_What the task requires_
The data below holds a line containing "ganzkoerpermassage-villach-bg3" and a line containing "Hour Passion Metzingen"; please quote exactly those two lines and every line between them, and nothing else.

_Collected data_
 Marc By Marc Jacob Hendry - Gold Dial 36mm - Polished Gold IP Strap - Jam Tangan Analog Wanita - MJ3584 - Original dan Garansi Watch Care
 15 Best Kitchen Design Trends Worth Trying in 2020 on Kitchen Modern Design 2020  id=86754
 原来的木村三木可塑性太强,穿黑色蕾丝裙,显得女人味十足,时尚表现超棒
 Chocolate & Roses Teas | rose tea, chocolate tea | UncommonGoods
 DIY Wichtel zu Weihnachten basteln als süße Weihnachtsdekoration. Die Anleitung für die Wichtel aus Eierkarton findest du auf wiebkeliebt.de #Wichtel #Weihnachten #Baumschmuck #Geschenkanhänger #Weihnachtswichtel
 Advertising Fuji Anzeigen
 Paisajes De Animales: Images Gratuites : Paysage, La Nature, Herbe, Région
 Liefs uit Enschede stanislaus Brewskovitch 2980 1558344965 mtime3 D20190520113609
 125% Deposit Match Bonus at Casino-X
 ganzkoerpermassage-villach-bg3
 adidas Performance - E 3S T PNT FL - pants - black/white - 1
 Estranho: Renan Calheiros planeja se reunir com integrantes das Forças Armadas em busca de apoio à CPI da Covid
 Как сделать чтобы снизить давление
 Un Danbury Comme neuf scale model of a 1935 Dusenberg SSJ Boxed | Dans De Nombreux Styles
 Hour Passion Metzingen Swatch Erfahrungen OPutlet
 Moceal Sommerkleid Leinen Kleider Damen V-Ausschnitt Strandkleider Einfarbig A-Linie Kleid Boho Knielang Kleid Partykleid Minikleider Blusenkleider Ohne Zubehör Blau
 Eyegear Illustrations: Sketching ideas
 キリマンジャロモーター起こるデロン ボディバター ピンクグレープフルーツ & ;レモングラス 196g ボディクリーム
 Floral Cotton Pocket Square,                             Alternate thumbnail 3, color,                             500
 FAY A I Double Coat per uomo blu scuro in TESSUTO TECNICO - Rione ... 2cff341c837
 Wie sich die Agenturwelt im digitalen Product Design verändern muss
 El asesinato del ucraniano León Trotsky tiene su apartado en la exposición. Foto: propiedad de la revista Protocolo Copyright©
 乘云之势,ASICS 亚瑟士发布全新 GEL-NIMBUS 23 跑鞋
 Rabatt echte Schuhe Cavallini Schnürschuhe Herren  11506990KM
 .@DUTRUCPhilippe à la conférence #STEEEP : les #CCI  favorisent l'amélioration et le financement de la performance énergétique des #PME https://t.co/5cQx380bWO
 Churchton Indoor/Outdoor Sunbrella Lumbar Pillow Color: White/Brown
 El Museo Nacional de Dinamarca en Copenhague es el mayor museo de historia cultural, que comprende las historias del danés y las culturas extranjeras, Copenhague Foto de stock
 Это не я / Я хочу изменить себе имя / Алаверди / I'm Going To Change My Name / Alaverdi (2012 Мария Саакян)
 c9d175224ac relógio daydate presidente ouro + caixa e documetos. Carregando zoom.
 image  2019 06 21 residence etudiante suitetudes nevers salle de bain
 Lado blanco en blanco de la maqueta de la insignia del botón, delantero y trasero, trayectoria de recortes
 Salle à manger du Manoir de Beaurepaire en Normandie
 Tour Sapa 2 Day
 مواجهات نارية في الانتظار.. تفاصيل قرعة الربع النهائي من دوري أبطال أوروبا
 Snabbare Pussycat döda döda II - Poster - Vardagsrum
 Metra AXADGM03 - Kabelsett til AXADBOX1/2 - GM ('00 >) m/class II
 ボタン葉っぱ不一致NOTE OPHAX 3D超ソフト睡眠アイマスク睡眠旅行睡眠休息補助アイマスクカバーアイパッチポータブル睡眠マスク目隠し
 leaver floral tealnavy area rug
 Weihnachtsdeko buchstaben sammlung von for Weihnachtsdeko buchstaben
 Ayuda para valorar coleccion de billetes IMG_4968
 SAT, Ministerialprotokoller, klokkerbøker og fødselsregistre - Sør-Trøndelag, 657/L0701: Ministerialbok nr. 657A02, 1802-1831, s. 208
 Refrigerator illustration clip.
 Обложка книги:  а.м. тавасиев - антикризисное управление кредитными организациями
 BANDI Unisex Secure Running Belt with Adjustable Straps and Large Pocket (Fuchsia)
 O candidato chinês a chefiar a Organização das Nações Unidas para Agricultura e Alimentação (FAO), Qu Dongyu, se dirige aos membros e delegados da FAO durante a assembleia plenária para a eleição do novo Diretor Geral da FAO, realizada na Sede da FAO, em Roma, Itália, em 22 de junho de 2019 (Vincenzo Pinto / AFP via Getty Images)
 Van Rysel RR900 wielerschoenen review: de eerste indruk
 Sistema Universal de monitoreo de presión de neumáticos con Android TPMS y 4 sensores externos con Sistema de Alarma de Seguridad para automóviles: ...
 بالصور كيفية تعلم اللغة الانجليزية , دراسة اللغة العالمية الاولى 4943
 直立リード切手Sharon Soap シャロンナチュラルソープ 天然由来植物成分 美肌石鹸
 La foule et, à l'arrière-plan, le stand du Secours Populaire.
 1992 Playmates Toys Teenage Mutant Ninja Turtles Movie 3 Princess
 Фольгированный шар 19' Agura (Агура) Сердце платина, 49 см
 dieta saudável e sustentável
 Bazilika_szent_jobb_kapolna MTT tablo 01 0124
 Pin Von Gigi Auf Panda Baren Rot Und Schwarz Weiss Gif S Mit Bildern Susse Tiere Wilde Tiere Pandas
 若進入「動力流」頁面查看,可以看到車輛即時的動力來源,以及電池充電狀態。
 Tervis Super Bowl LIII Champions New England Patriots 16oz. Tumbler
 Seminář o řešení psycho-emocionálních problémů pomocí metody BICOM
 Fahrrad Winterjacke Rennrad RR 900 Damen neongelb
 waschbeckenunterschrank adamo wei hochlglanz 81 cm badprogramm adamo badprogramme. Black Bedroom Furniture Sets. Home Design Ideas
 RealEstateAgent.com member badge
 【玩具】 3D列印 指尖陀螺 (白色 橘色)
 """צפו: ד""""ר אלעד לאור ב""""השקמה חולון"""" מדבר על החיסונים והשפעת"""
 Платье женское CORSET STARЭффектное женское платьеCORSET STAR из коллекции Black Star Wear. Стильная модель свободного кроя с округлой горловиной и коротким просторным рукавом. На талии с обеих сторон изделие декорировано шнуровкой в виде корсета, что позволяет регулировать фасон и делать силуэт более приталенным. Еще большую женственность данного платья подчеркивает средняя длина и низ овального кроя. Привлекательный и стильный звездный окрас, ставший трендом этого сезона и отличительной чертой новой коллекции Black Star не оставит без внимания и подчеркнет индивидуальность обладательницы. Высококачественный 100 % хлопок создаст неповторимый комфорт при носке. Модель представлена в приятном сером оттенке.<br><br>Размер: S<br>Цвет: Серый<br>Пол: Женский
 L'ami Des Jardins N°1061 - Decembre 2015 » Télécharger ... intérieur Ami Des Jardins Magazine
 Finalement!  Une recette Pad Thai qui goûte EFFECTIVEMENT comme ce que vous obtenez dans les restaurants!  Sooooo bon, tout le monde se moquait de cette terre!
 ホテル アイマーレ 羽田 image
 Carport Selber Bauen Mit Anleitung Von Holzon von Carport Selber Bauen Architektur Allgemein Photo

_Final answer_
 ganzkoerpermassage-villach-bg3
 adidas Performance - E 3S T PNT FL - pants - black/white - 1
 Estranho: Renan Calheiros planeja se reunir com integrantes das Forças Armadas em busca de apoio à CPI da Covid
 Как сделать чтобы снизить давление
 Un Danbury Comme neuf scale model of a 1935 Dusenberg SSJ Boxed | Dans De Nombreux Styles
 Hour Passion Metzingen Swatch Erfahrungen OPutlet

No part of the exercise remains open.